Он поднялся, поглаживая ноющее бедро. Последствия строгого испытания не заставили себя долго ждать. Облокотившись о стол, старик протянул дрожащую руку и взял перо. Обмакнув его в чернильницу и старательно выводя буквы, написал: «Разве Бог, который дал нам понимание, разум и чувства, может быть против того, чтобы мы ими пользовались?». Памятуя о цензорах, он задумался о написанном. Проявив снисхождение, инквизиция разрешила ему делать записи, но это вовсе не означало, что «дамоклов меч», занесённый над его головой, так и останется в подвешенном положении. Старые обиды не дают покоя строгим судьям и им достаточно любой зацепки, чтобы счесть обвиняемого еретиком. В данный момент карающую длань правосудия удерживают лишь дель Монте и герцог Тосканский, но и это не означает, что они будут его держать бесконечно. Старый друг, Маффео Барберини, ныне неприступный и добродетельный, уже не сможет ему помочь, несмотря на своё высокое положение. Высокий сан накладывает строгие обязательства и многолетняя дружба всегда отходит на второй план, когда в дело вмешивается политика. Хотя, кто знает…

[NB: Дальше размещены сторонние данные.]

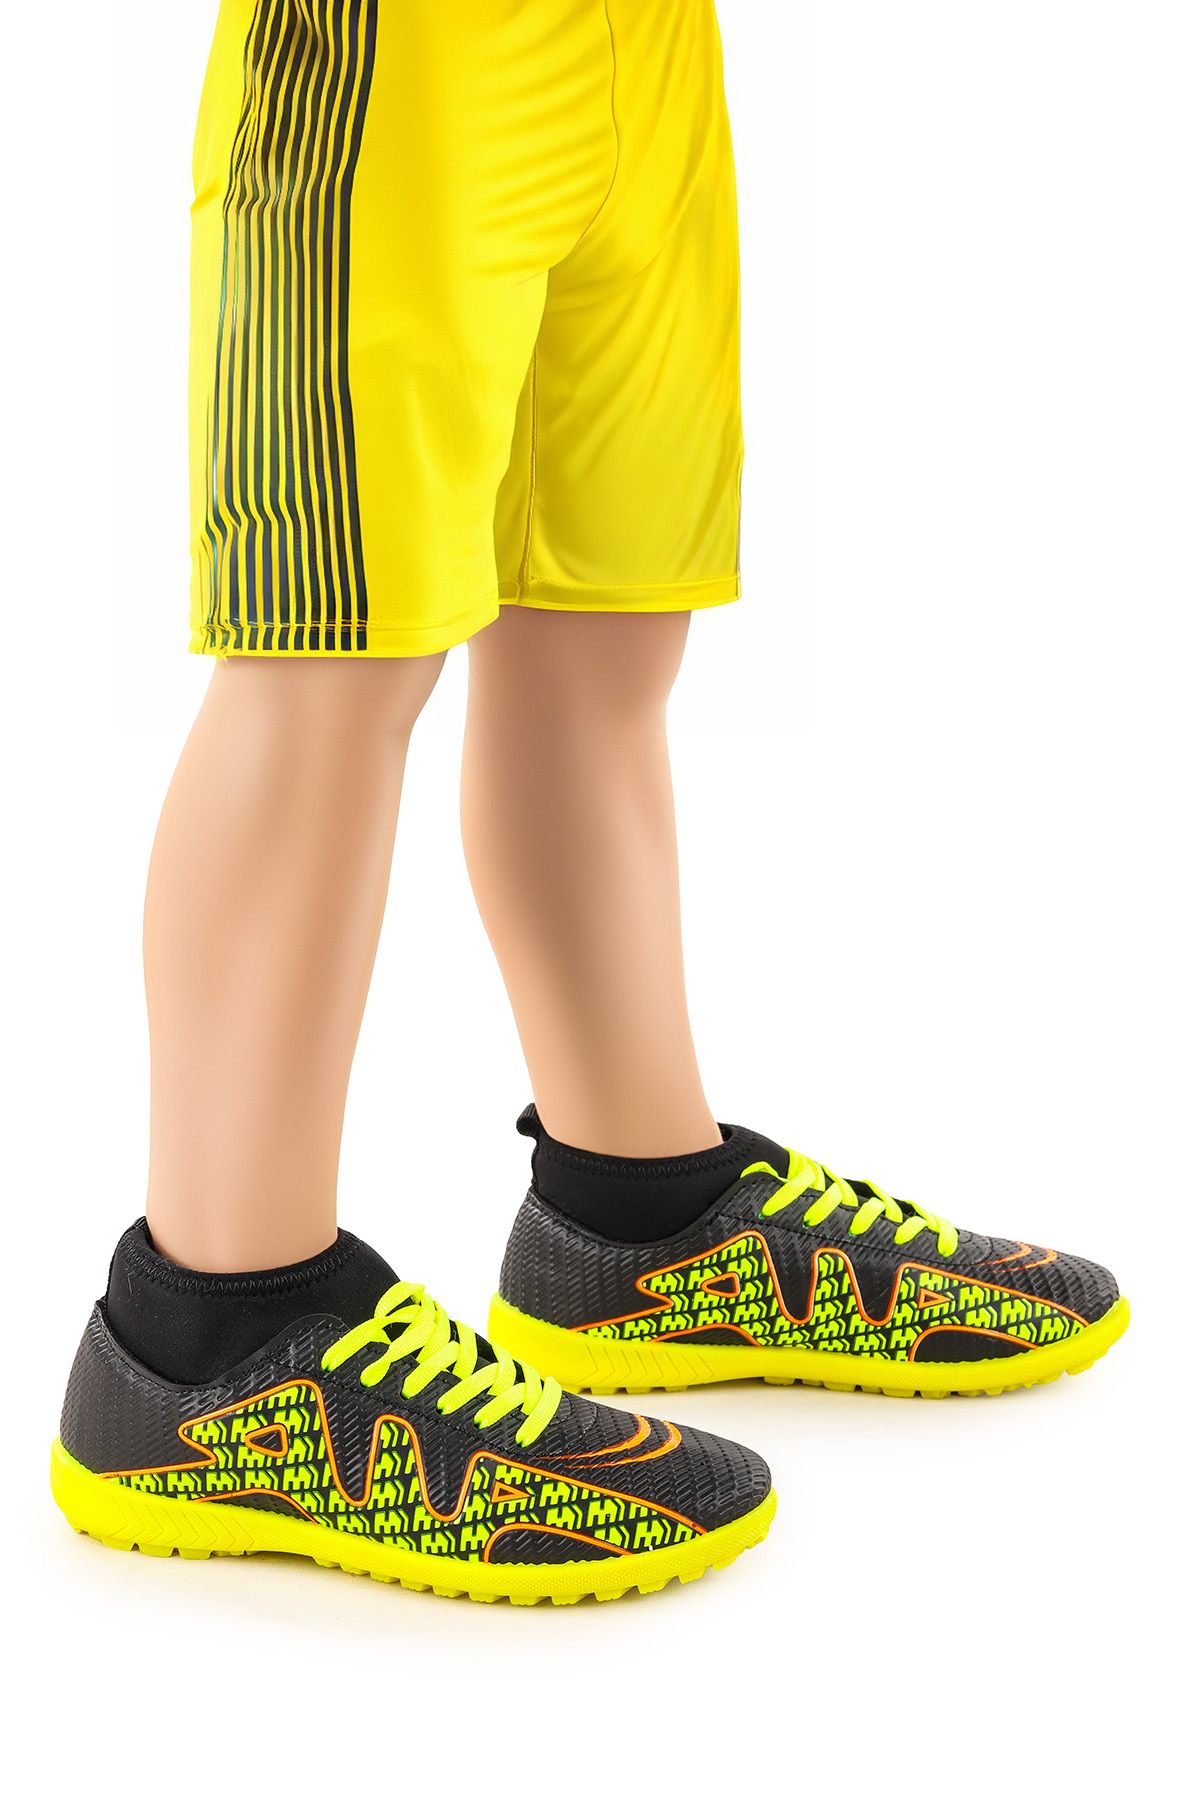 Kiko Kids Persep Boğazlı Halı Saha Erkek Çocuk Futbol Ayakkabı

В коридоре послышались шаги. Заскрежетал в замочной скважине ключ, направляемый твёрдой рукой тюремщика, отворилась дверь. В комнату вошли и властный голос, не терпящий возражений, произнёс:
- Пора.
Старик поднялся, ещё раз обвёл взглядом своё временное пристанище и, выйдя в коридор, зашагал вперёд, по возможности стараясь идти уверенно и с достоинством. Ему это плохо удавалось – годы взяли своё, и от горделивой осанки не осталось ровным счётом ничего. Ноги противно дрожали, старик выглядел жалким, беспомощным и неуверенным. Казалось, бесконечные ступени наверх никогда не закончатся. Тяжёлое дыхание со свистом вырывалось из широко открытого рта. Он споткнулся. Сильные руки помогли ему удержать равновесие и легонько подтолкнули вперёд:
- Шагай.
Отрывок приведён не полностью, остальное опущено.